Les organismes de crédit, banques, assurances, caisses de retraite, etc., vont donc se battre sur un marché limité pour arracher des parts, à coups de pressions sur les taux d’intérêt. Ce sera sûrement tout bénéfice pour les emprunteurs existants alors que les autres ne pourront que difficilement en profiter. C’est bien connu, on ne prête qu’aux riches. Ces derniers recevront d’autres coups de téléphone enjôleurs des revendeurs de prêts hypothécaires.

yves.genier@hebdo.ch  @YvesGenier
Blog Rhonestrasse sur www.hebdo.ch


Les freins à la conclusion de nouvelles hypothèques ont été activés en dix-huit mois

Les quatre étapes de la grande restriction

Il y a moins de deux ans, obtenir un prêt était assez facile. Il fallait disposer de revenus au moins trois fois plus élevés que les charges d’intérêt et d’amortissement du prêt et apporter des fonds propres équivalant au moins à 20% de la valeur d’achat du logement convoité. Avec possibilité de les fournir via sa caisse de retraite. Destinées à empêcher une crise immobilière, ces règles se sont révélées insuffisantes face aux déséquilibres actuels. Pour encadrer la surchauffe, elles devaient être renforcées.

Les premières mesures sont prises en juin 2012 par l’Association suisse des banquiers (ASB) avec l’assentiment de la Finma. Elles limitent à 10% la part des fonds propres qui peuvent provenir des avoirs de retraite (LPP) et destinés à une nouvelle acquisition ou une augmentation de prêt. En outre, elle oblige les débiteurs à amortir le tiers de leur hypothèque en vingt ans.
En février 2013, la Finma prend une mesure technique pour renchérir le coût de l’octroi des crédits par les banques. Elle les contraint à constituer des réserves équivalant à 1% des prêts hypothécaires (pondérés du risque) qu’elles ont accordés, en plus des fonds propres qu’elles sont tenues de leur attribuer en temps normal. C’est le volant de fonds propres anticyclique.

En janvier 2014, le Conseil fédéral et la Banque nationale décident de relever d’un point de pourcentage supplémentaire ce volant de fonds propres. Désormais, les banques doivent couvrir leurs prêts hypothécaires par des réserves équivalant à 2% de ceux-ci.

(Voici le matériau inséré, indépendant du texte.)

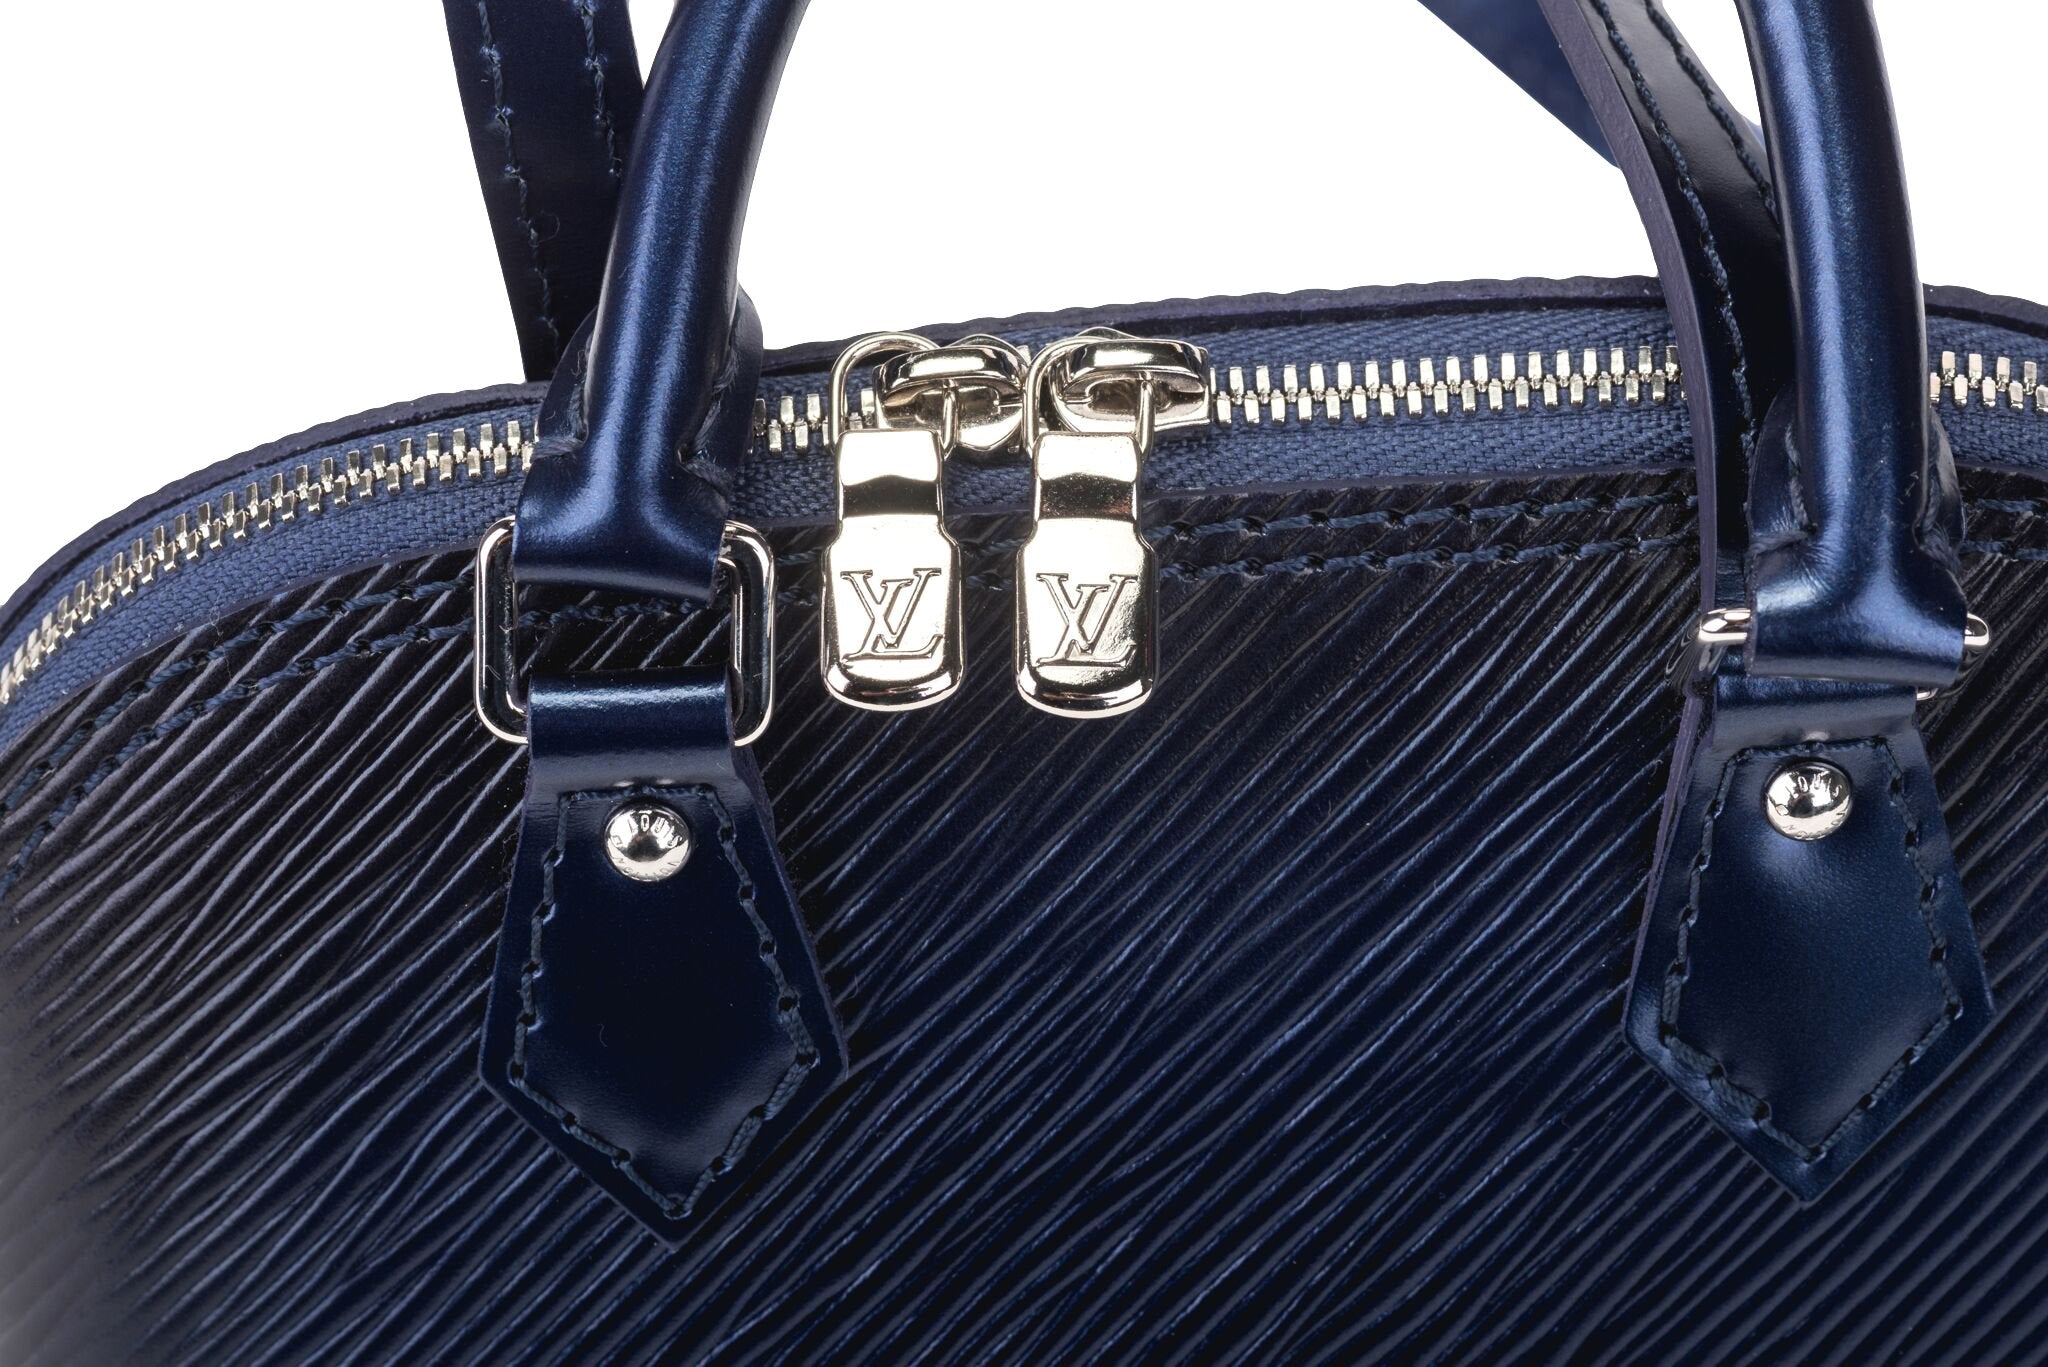 Louis Vuitton Alma Epi Nano Denim in Epi Leather with Silver-tone - US

Cela ne suffit toujours pas aux gardiens des marchés financiers. En juillet dernier, la Finma approuve une nouvelle autorégulation de l’ASB. La durée de l’amortissement du premier tiers de la dette est ramenée à quinze ans; le deuxième revenu d’un couple ne peut être pris en compte que si les emprunteurs sont codébiteurs solidaires; les banques doivent calculer leurs prêts sur la base de l’estimation la plus basse du logement servant de gage.

Et ce n’est pas fini: Berne prévoit d’introduire de nouvelles mesures, comme l’interdiction totale de l’emploi des avoirs de prévoyance, avant la fin de l’année, si le marché des prêts hypothécaires ne se détend pas.